• Problem details: Retype all of the listing exactly, with no pictures.
====== Available data
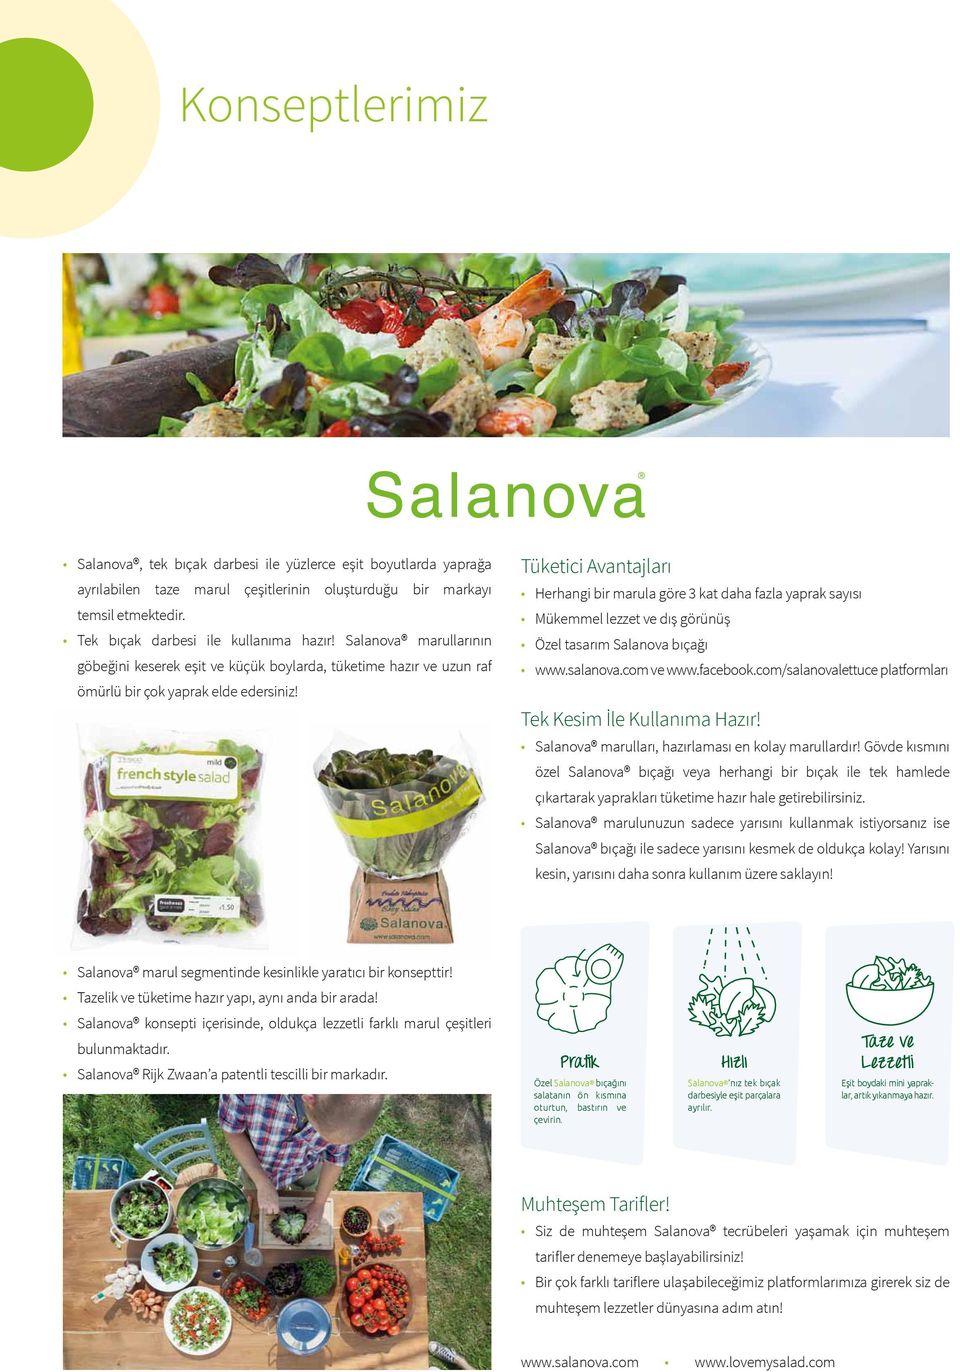 Tüketici Avantajları Herhangi bir marula göre 3 kat daha fazla yaprak sayısı Mükemmel lezzet ve dış görünüş Özel tasarım Salanova bıçağı www.salanova.com ve www.facebook.
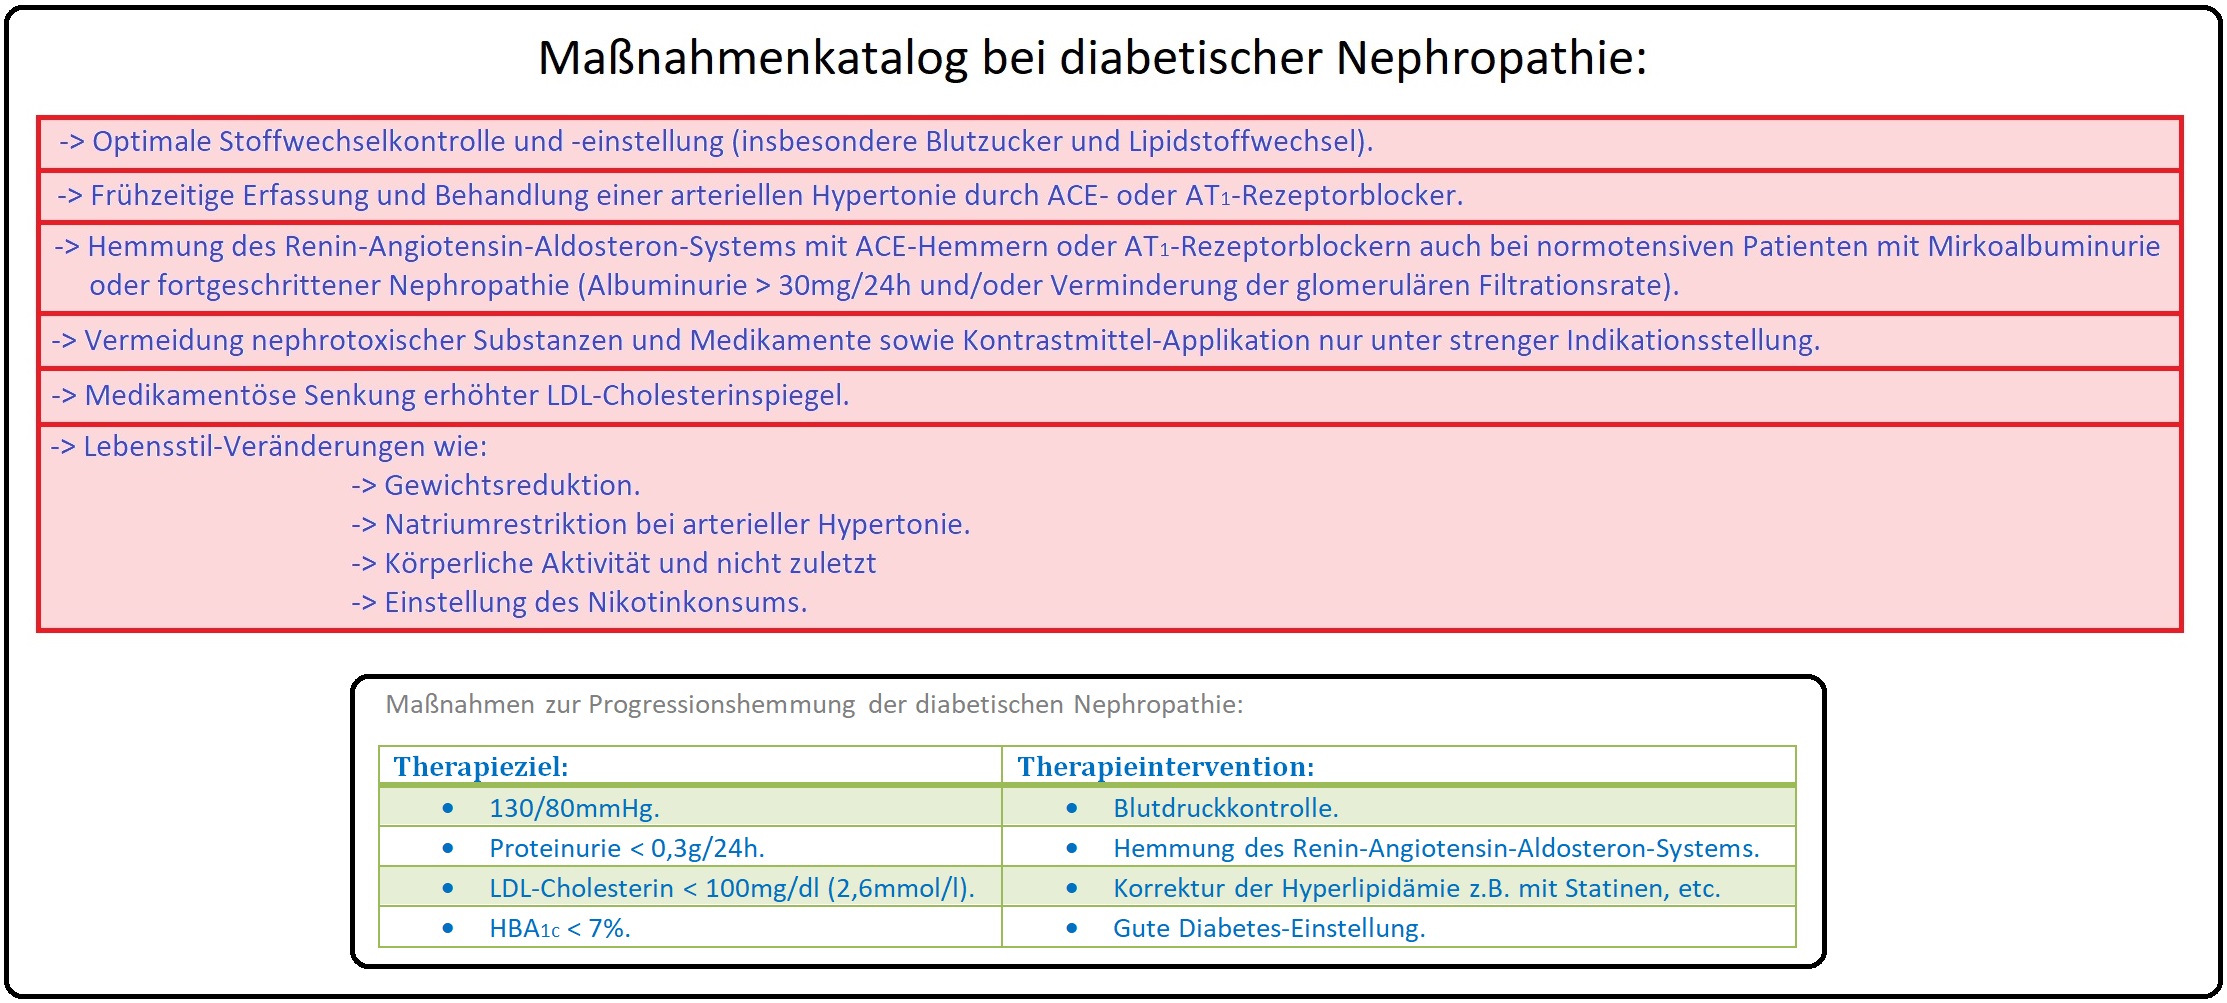 1142 Maßnahmenkatalog der diabetischen Nephropathie
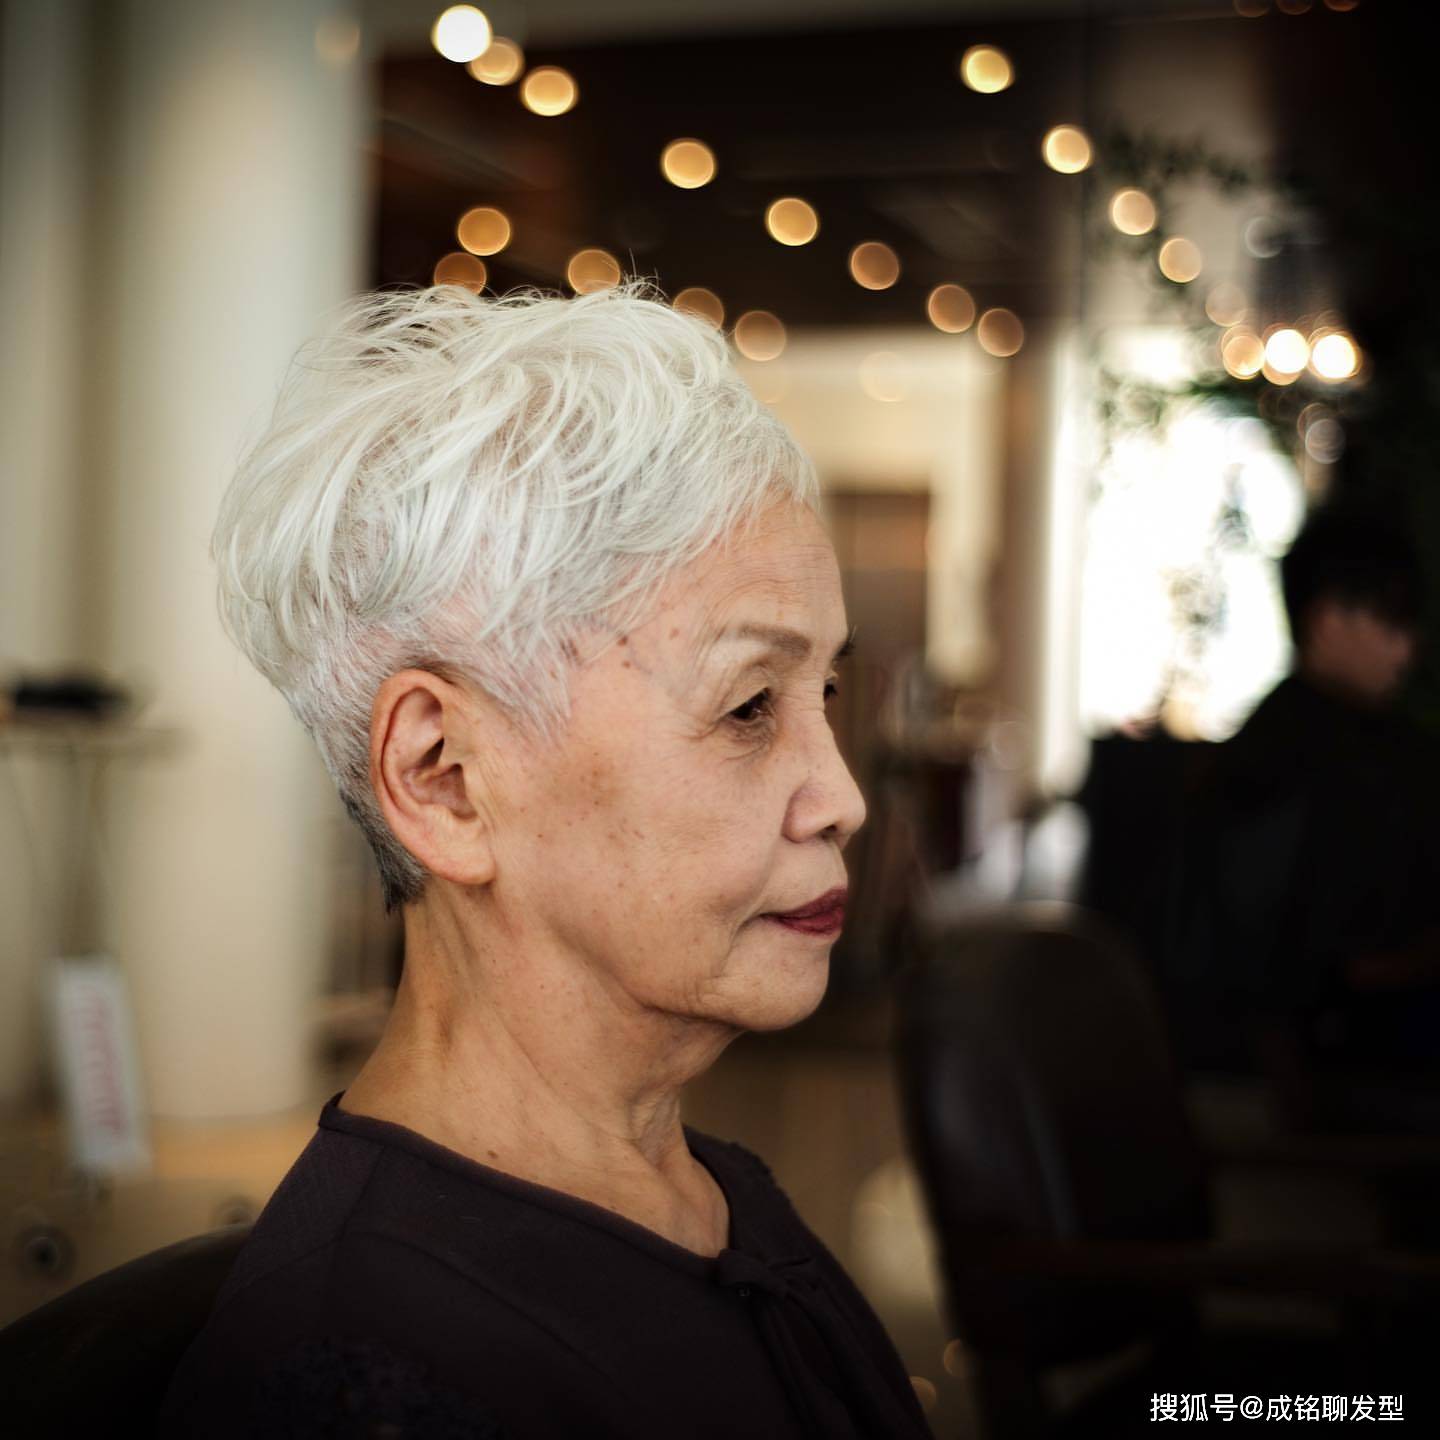 中老年女性发型别乱剪，露耳短发最适合，即使头发花白也很美 - 哔哩哔哩
============
• Your response:
 Tüketici Avantajları Herhangi bir marula göre 3 kat daha fazla yaprak sayısı Mükemmel lezzet ve dış görünüş Özel tasarım Salanova bıçağı www.salanova.com ve www.facebook.
 1142 Maßnahmenkatalog der diabetischen Nephropathie
 中老年女性发型别乱剪，露耳短发最适合，即使头发花白也很美 - 哔哩哔哩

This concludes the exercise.